No final dos anos 50 do século passado, nos Estados Unidos, um movimento social e cultural, encabeçado pelos escritores Jack Kerouac, Allen Ginsberg e William Bourroghs, o movimento beat, espalhou-se feito uma saudável praga pela Nova Inglaterra, terminando por se tornar o estopim de outro ainda maior, e que ficou conhecido, inclusive aqui no Brasil, como movimento hippie.
Jack Kerouac foi o principal nome da geração beat. Seu romance autobiográfico On the road (que por sinal foi transformado em filme pelo “brazuca” Walter Salles, o mesmo diretor de Diários de Motocicleta, influenciou legiões de artistas e intelectuais ao logo da segunda metade do século XX. Mas é de outro romance de Jack, no caso "Os vagabundos iluminados", que a presente resenha se propõe a tratar.

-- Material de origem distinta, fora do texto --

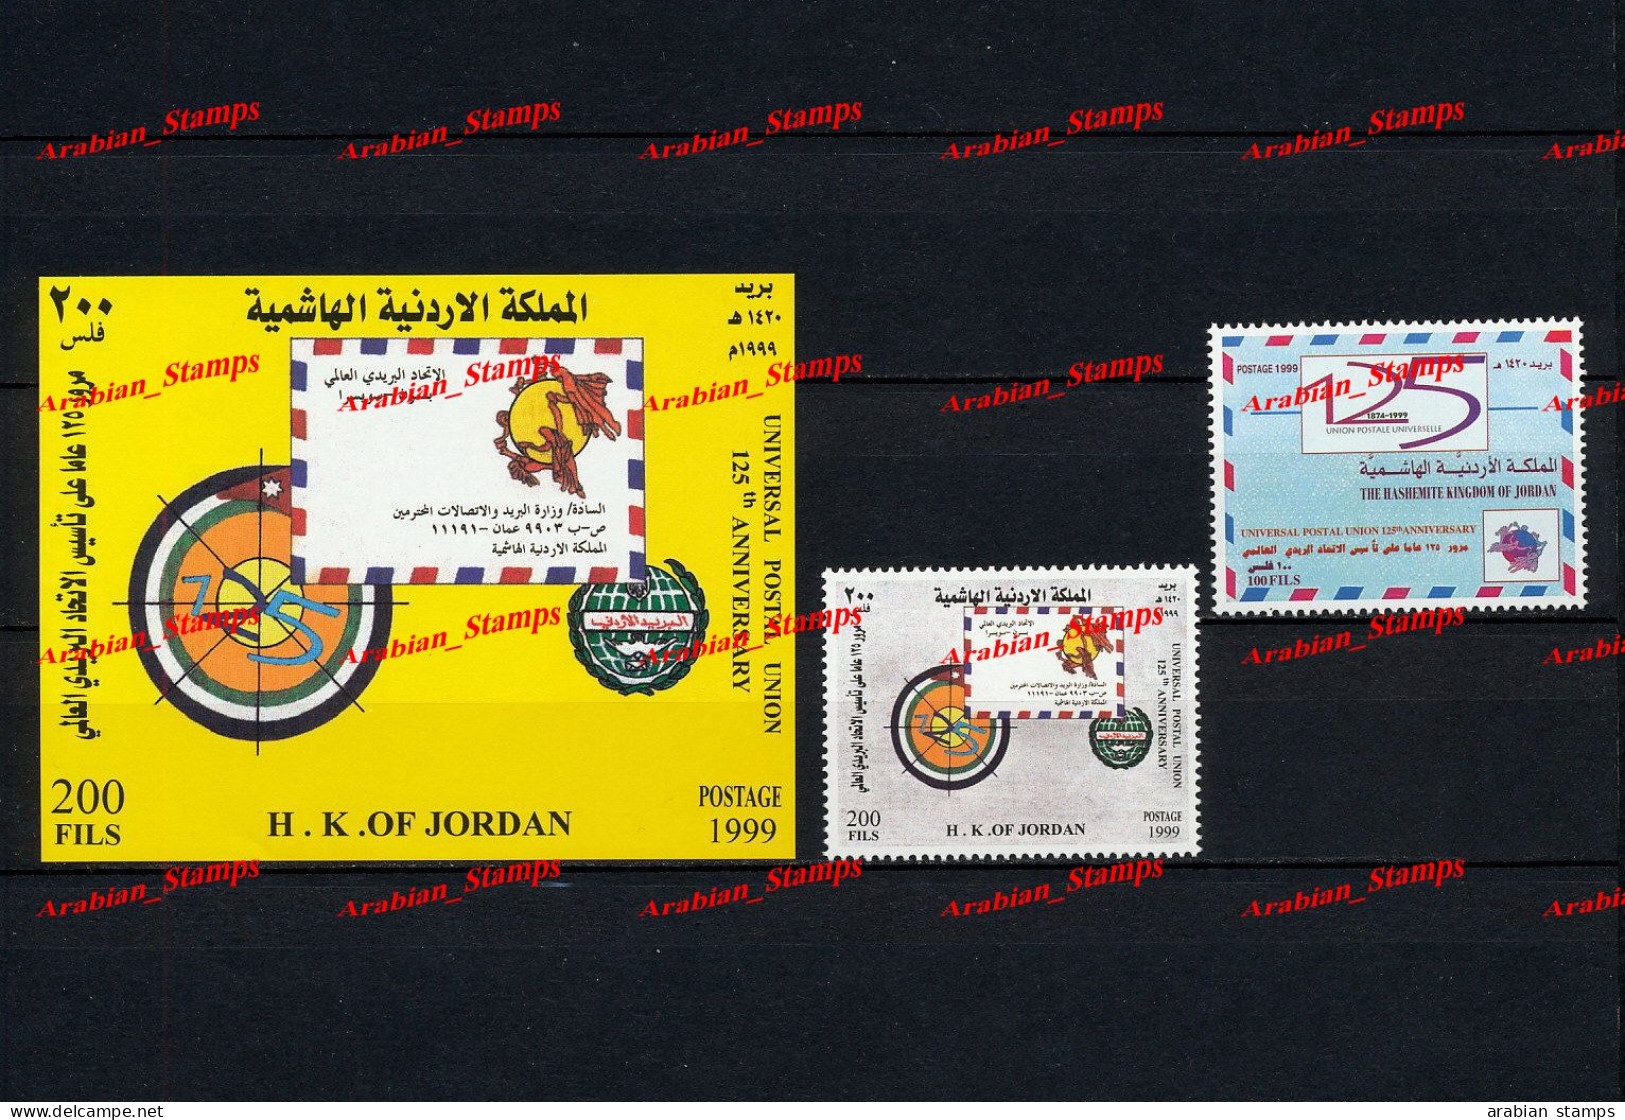 HASHIMATE KINGDOM OF JORDAN JORDANIE 1999 MINT MNH MS SHEET SS 125TH ANNIVERSARY UNIVERSAL POSTAL UNION UPU EMBLEM POST - Jordanie

Destoando um pouco de toda a produção literária beatnik, sempre melancólica e realista ao extremo, Os vagabundos iluminados é uma obra direcionada ao melhor do espírito humano. O livro conta a história de Ray Smith e seu amigo Japhy Rider, andarilhos errantes e zen-budistas que, entre escaladas de montanhas, trilhas litorâneas e saraus de poesia, buscam o autoconhecimento através de experimentos místicos e reflexões filosóficas. Depois de ler esse livro, até a mais depressiva e derrotista das criaturas passa a devotar uma gana e uma gratidão pela vida bonitas de se ver. Para quem ainda não conhece a literatura dos beatniks, ou nunca ouviu falar, nunca é tarde...
Trecho: “Lá embaixo, no lago, reflexos rosados de vapor celestial apareceram, e eu disse: ‘Deus, eu te amo’. E olhei para o céu e falei sério mesmo: ‘Eu me apaixonei por você, Deus. Tome conta de todos nós, de um jeito ou de outro’”.